Data below ::
============================================================
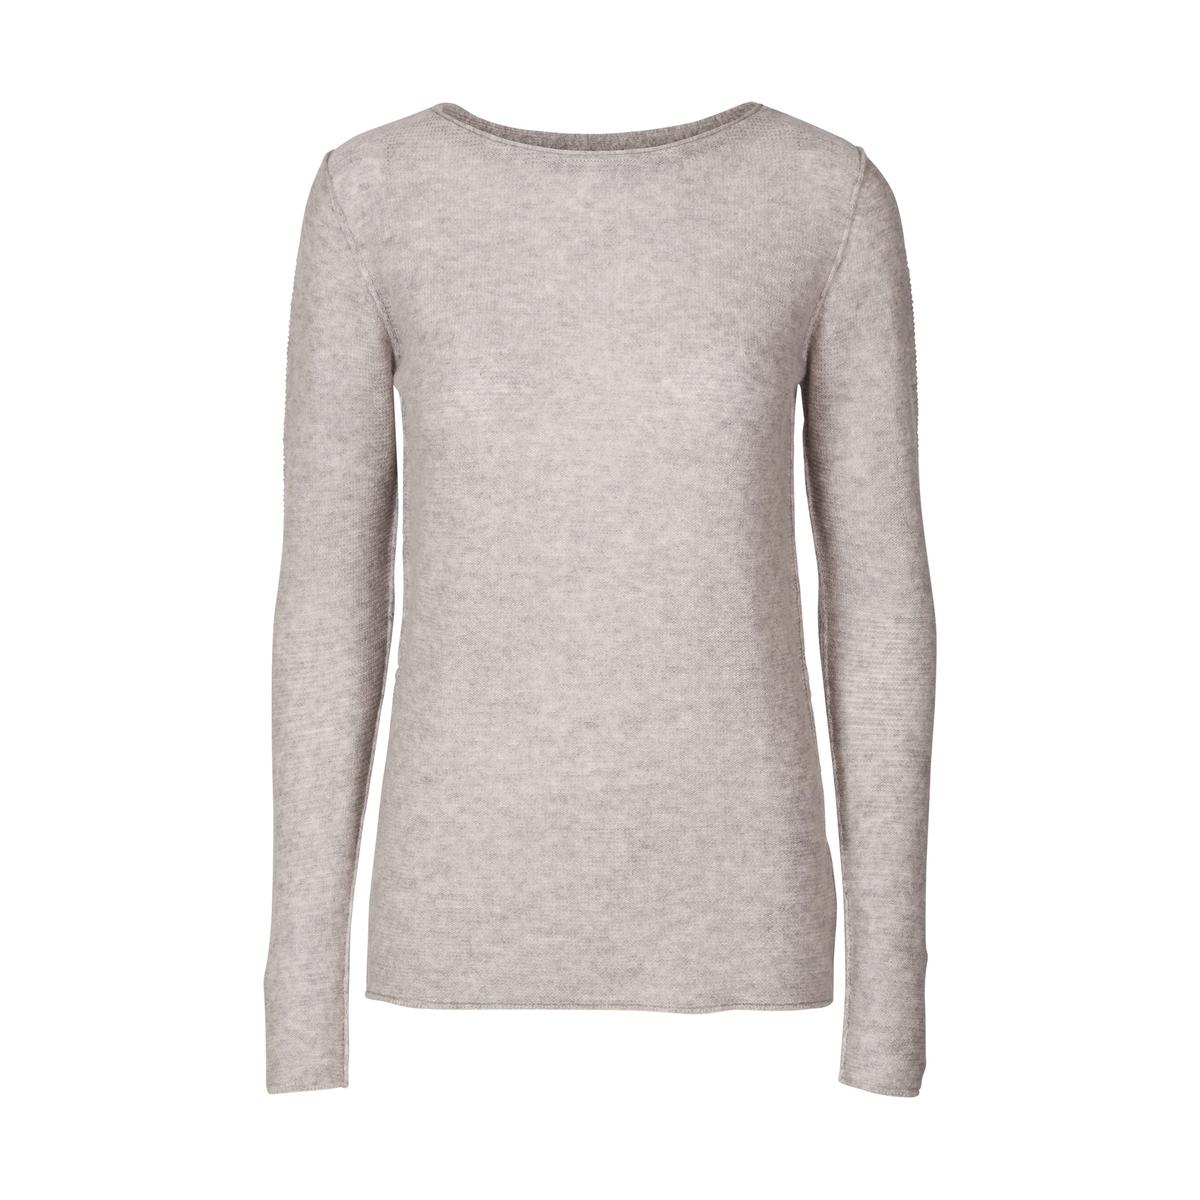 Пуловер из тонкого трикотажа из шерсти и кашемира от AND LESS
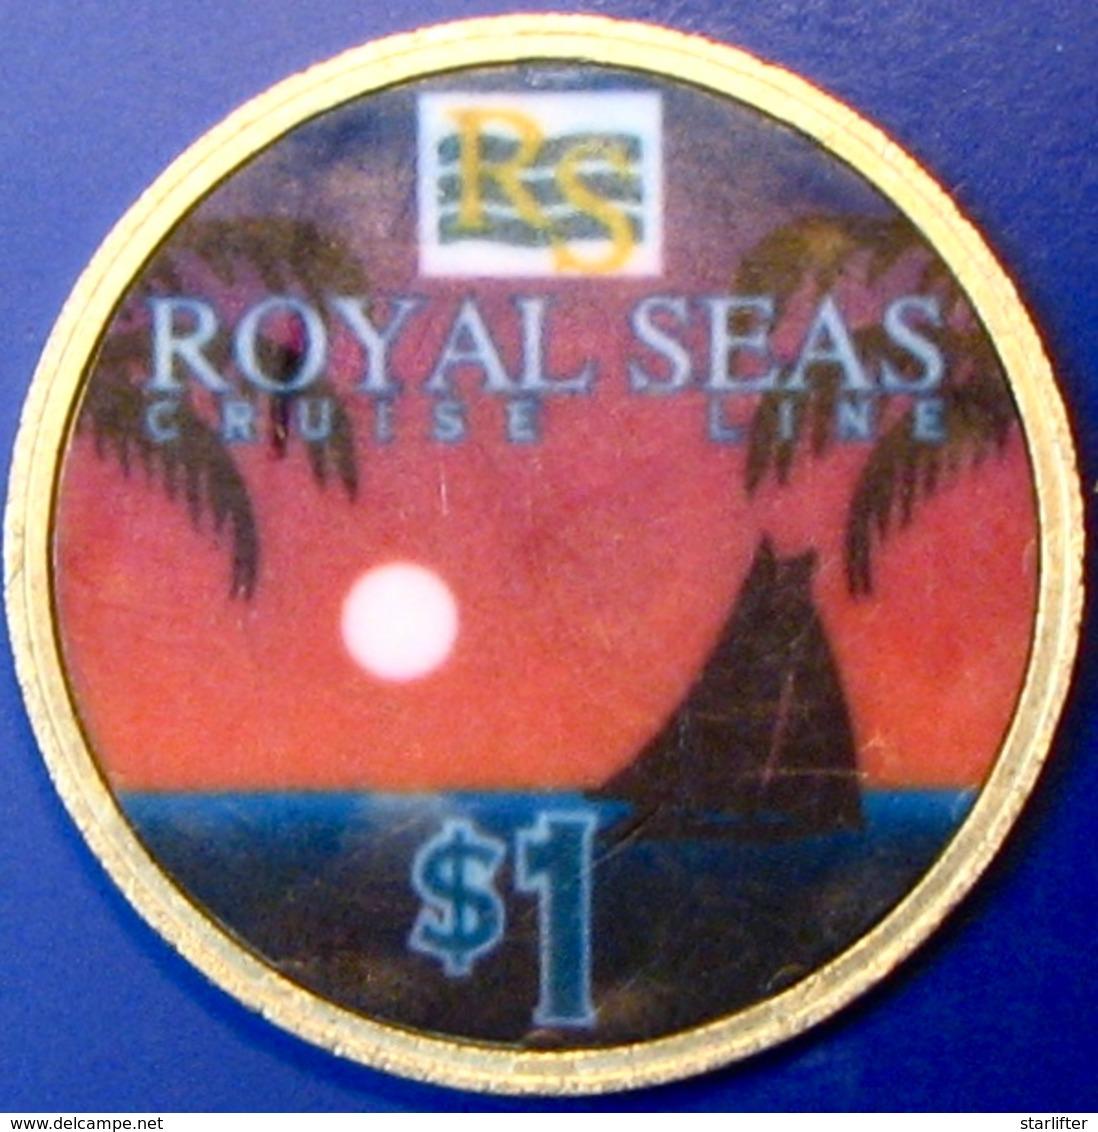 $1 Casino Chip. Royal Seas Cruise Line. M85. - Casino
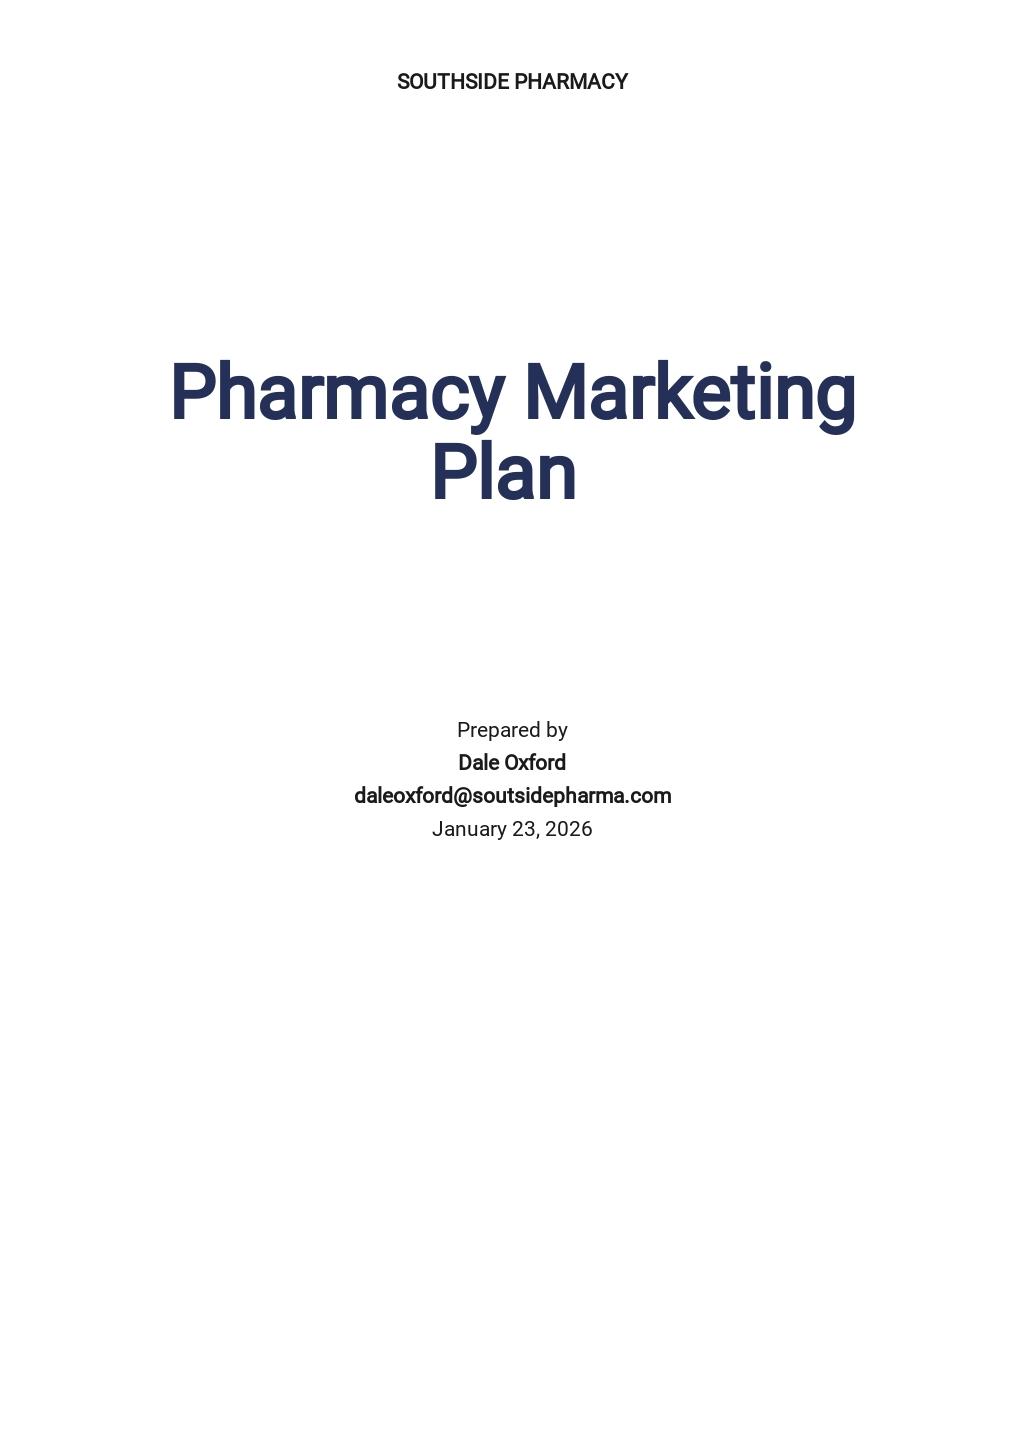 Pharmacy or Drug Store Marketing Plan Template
============================================================
What is required :: Repeat the data word for word. Images are not part of the copy.

Written answer ::
 Пуловер из тонкого трикотажа из шерсти и кашемира от AND LESS
 $1 Casino Chip. Royal Seas Cruise Line. M85. - Casino
 Pharmacy or Drug Store Marketing Plan Template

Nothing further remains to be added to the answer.